I would keep him four feet on the ground , and ask the other people to control their dogs, keep distance , or keep walking on .


----------



## Anitsisqua (Mar 25, 2012)

carmspack said:


> scooping up may set up an alarm in the dog. I would keep him four feet on the ground , and ask the other people to control their dogs, keep distance , or keep walking on .


I'm only talking about loose dogs, which, unfortunately, is a common occurence. With other leashed/fenced dogs, we just keep walking. When a loose dog is coming for us, I calmly scoop him up and try to be as casual as possible with the other dog running around my legs.


----------



## kbella999 (Jan 6, 2012)

haha My girl Rusti is liver colored and most people don't believe she is a GSD purebreed but calling her a Border Collie was pretty far out there.



Sunflowers said:


> Would that be the German border?


----------



## Sunflowers (Feb 17, 2012)

Anitsisqua said:


> :blush: I scoop up my GSD puppy when I see other dogs coming.


How? 

Mine is 40 lbs!


----------



## Sunflowers (Feb 17, 2012)

Shade said:


> LOL! I get REALLY funny looks from many walking a small poodle and a large GSD puppy together, I can't wait until he's full grown and that'll really get them going


Yeah, I think I will get a black and tan Chi in the future, just for snicks ...:crazy:


----------



## Anitsisqua (Mar 25, 2012)

Sunflowers said:


> How?
> 
> Mine is 40 lbs!


Gabe's still about 22lbs, so it's doable.


----------



## Sunflowers (Feb 17, 2012)

Anitsisqua said:


> Gabe's still about 22lbs, so it's doable.


Heh, heh. Get back to me in 3 weeks.


----------



## Anitsisqua (Mar 25, 2012)

Sunflowers said:


> Heh, heh. Get back to me in 3 weeks.


Oh, I know. He's growing so fast...


----------



## SDChicken (May 6, 2012)

Well, I don't have a GSD....YET!! Dang it. Haha but I will!!

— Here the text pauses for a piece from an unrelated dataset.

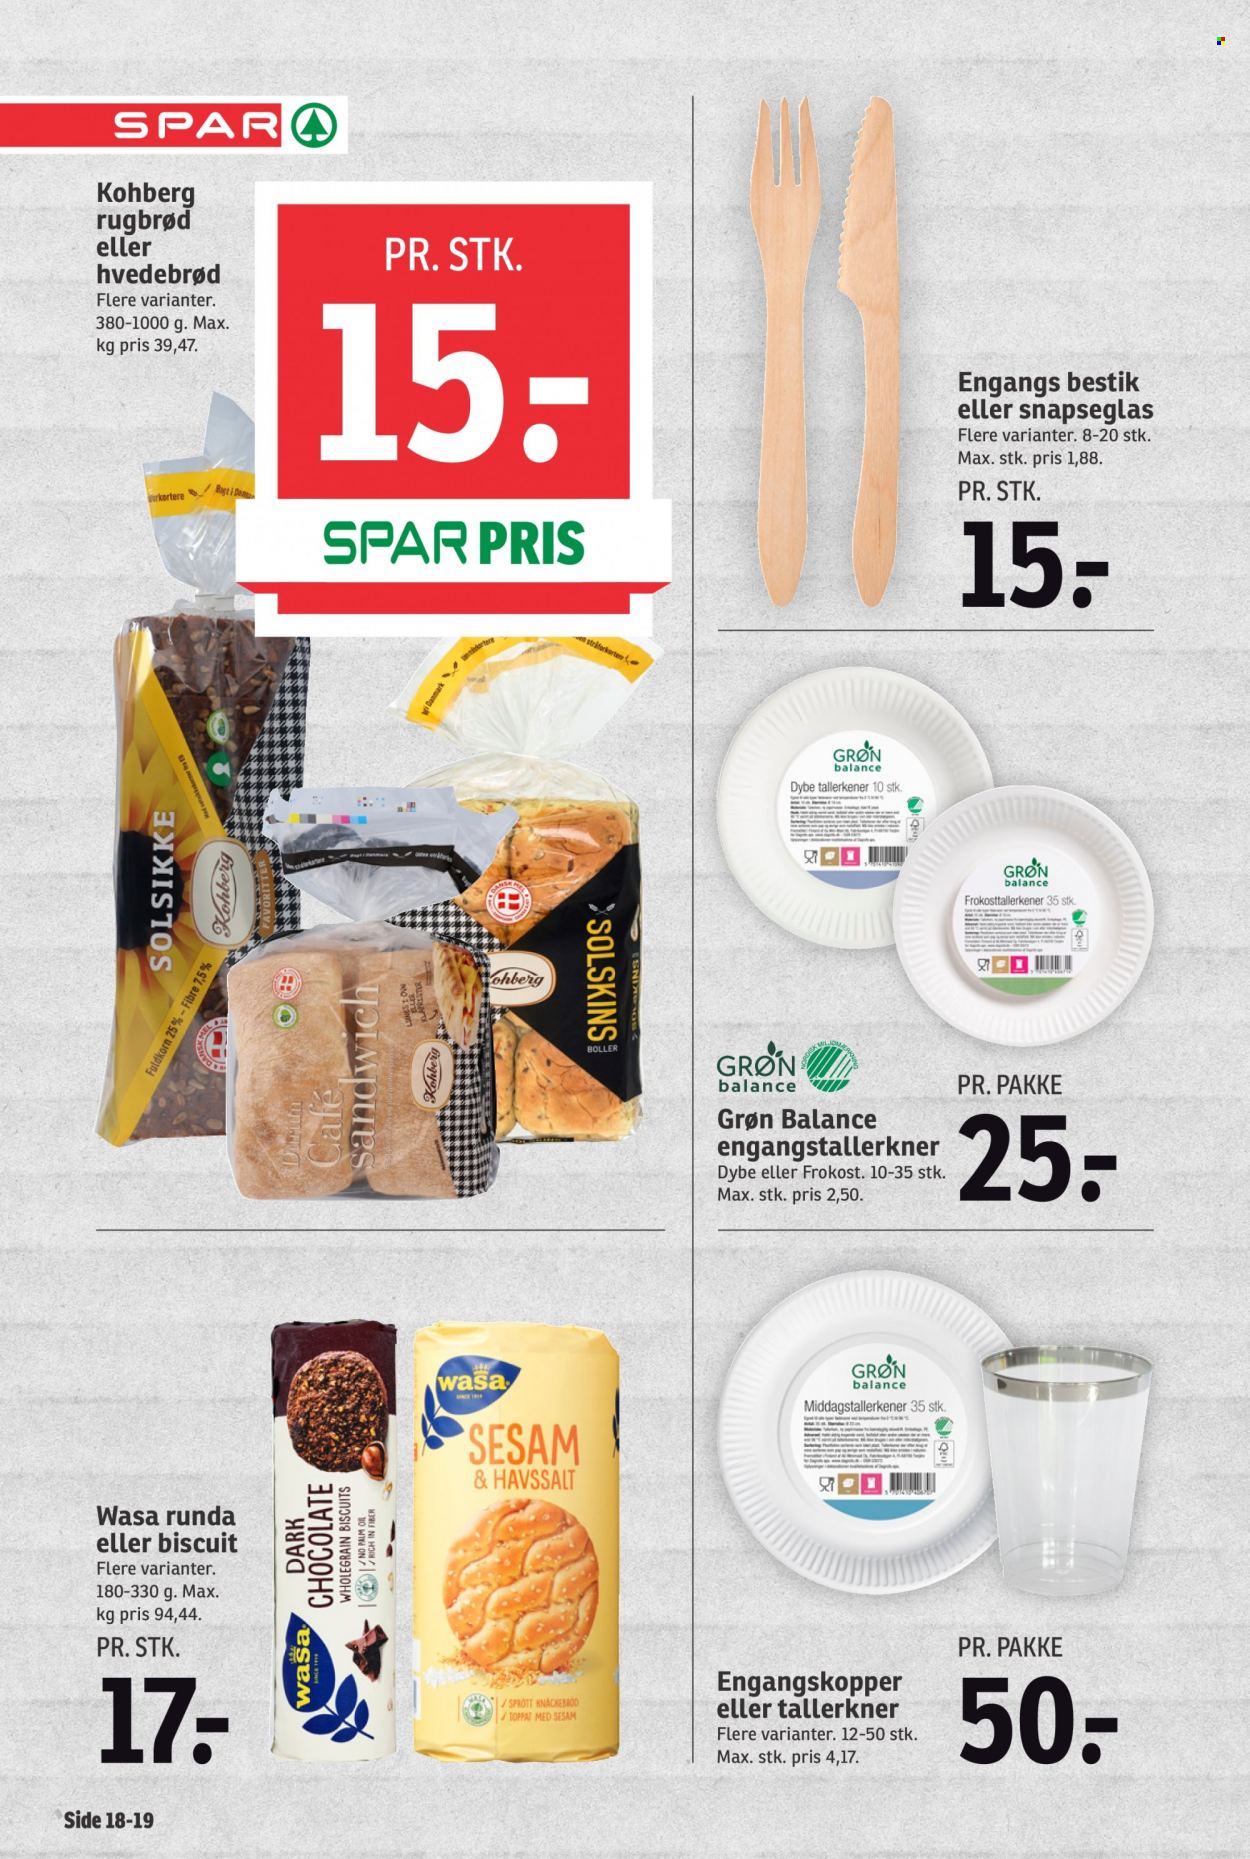 thumbnail - SPAR tilbud  - 25.6.2022 - 1.7.2022 - tilbudsprodukter - rugbrød, sandwich, boller, brød, hvedebrød, biscuits, Wasa, frokost, mel. Side 18.

I've been asked if I have a dwarf GSD. I had to look around for a second before I realized they were asking about Meatloaf. I explained he was a Pembroke Corgi. They then said "No, he's a Cardigan. Pembrokes don't come in that color." Haha I just walked away. This coming from someone who didn't even know what he was to begin with.


----------